DATA EXCERPT =

++++++++

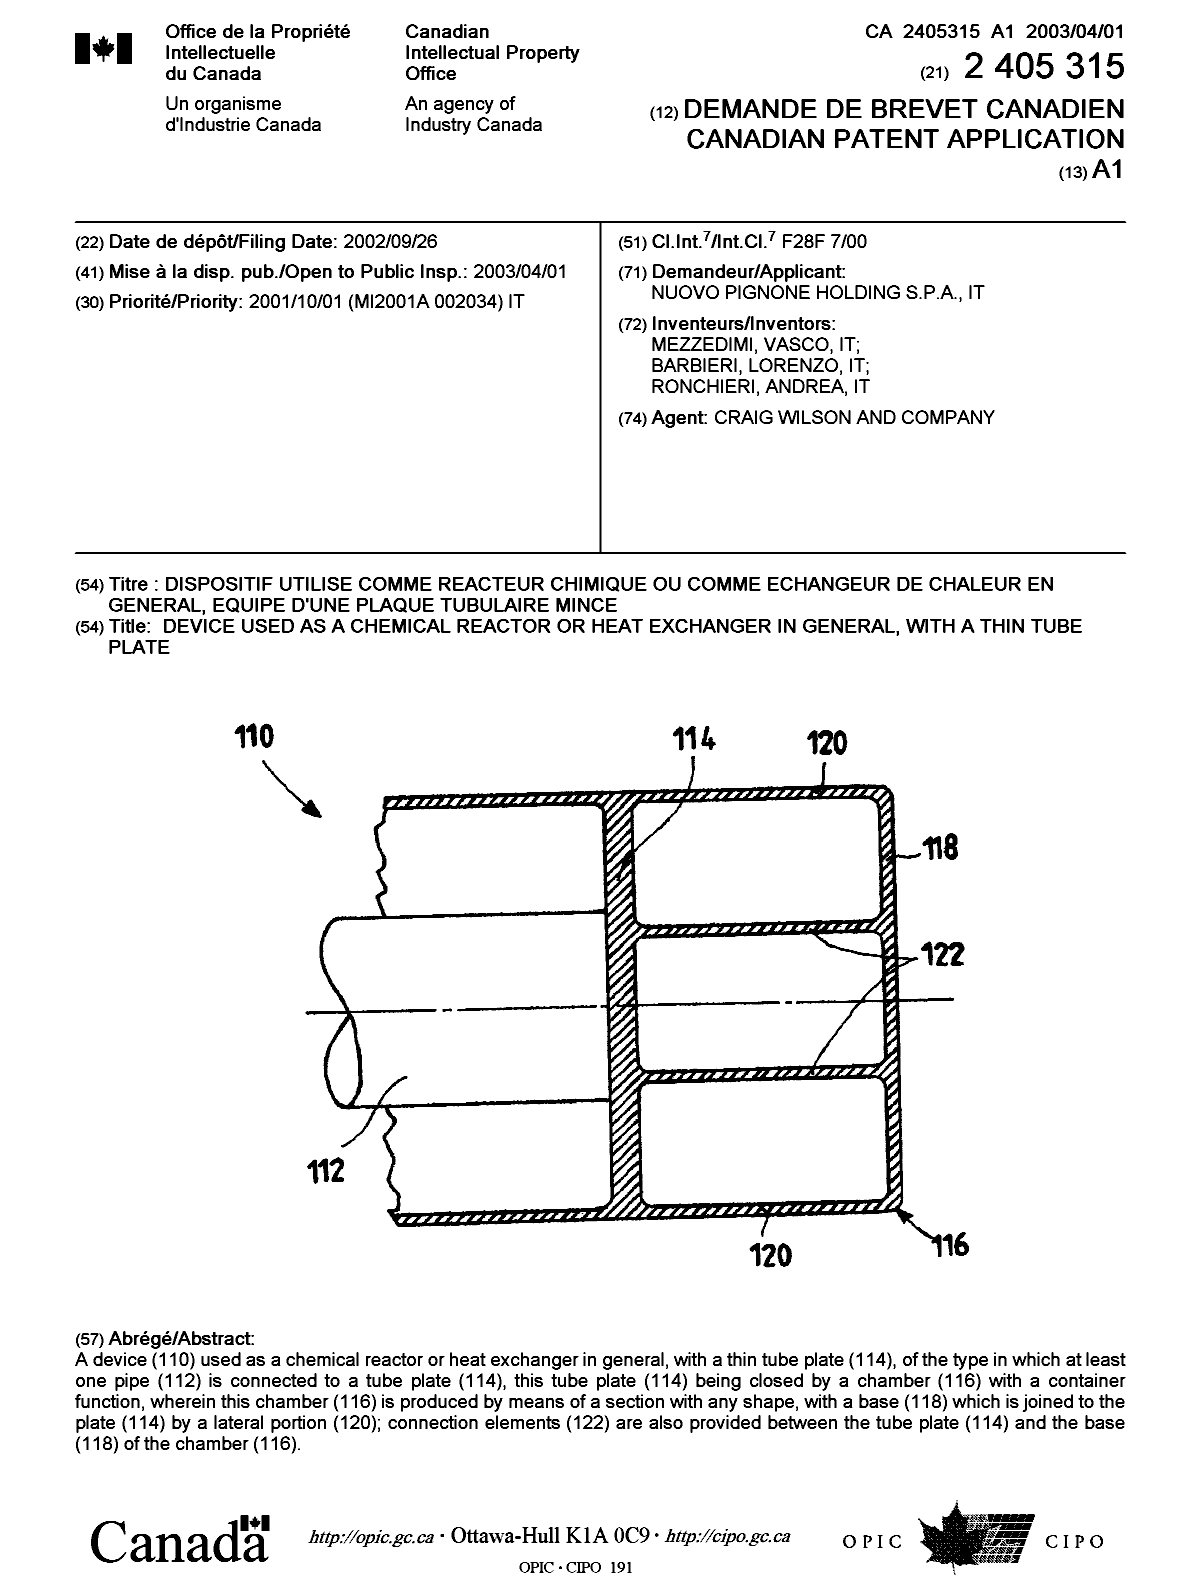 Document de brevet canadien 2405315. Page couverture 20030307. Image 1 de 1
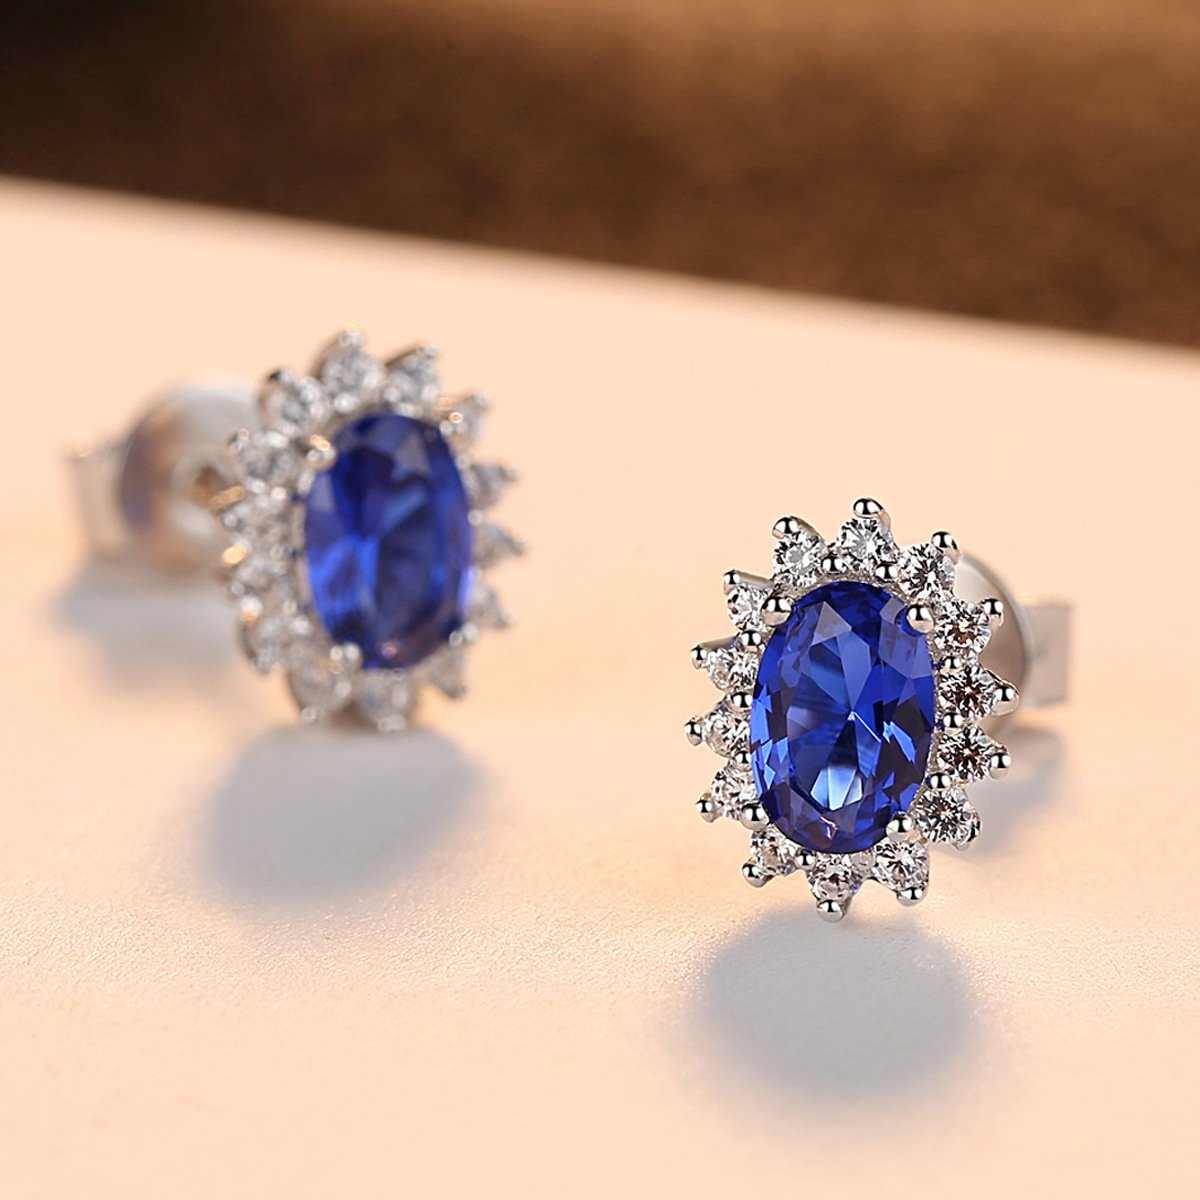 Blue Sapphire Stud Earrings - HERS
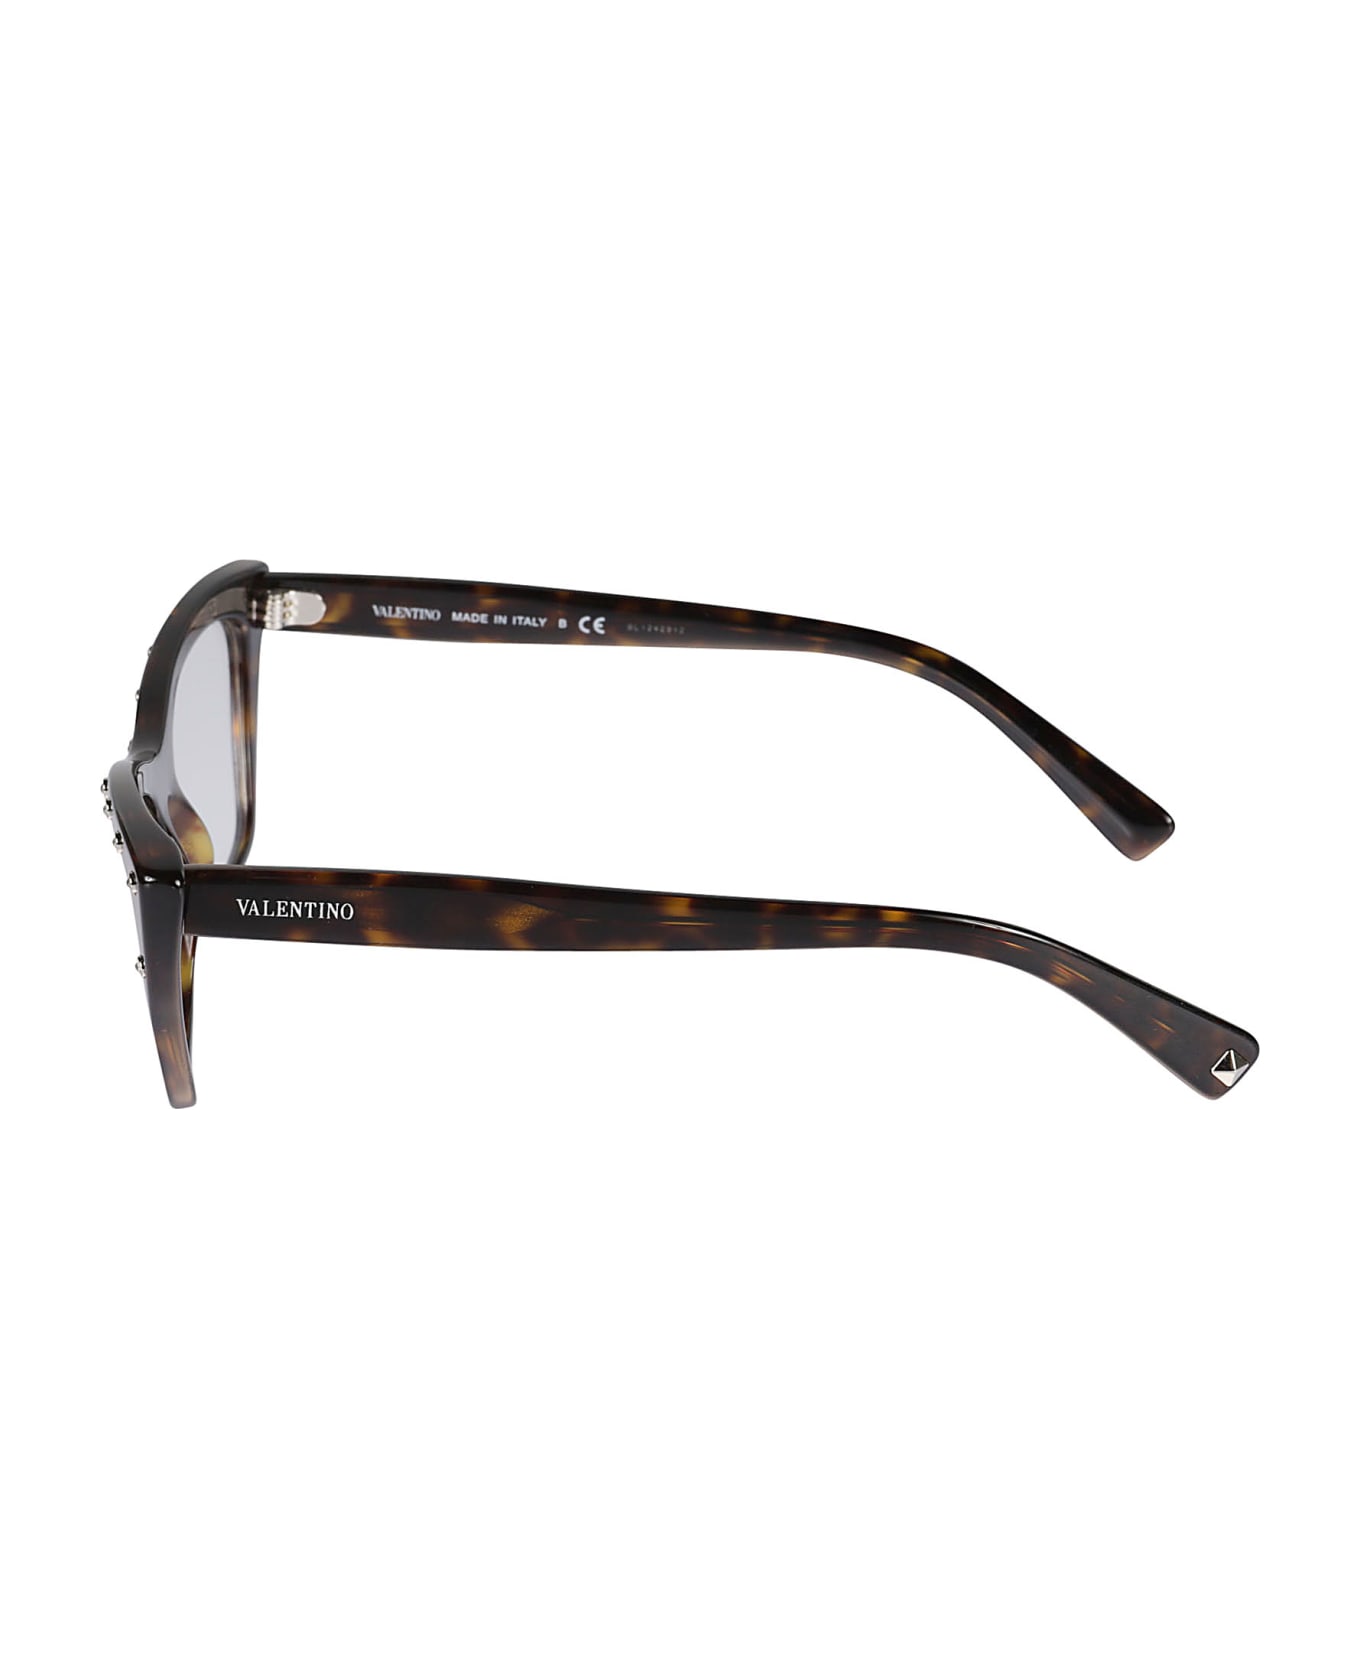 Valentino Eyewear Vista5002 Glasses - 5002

++++++++

EXERCISE = Skip the pictures, then return the rest of the data exactly.

ANSWER TO THE PROBLEM =
 Document de brevet canadien 2405315. Page couverture 20030307. Image 1 de 1
 Blue Sapphire Stud Earrings - HERS
 Valentino Eyewear Vista5002 Glasses - 5002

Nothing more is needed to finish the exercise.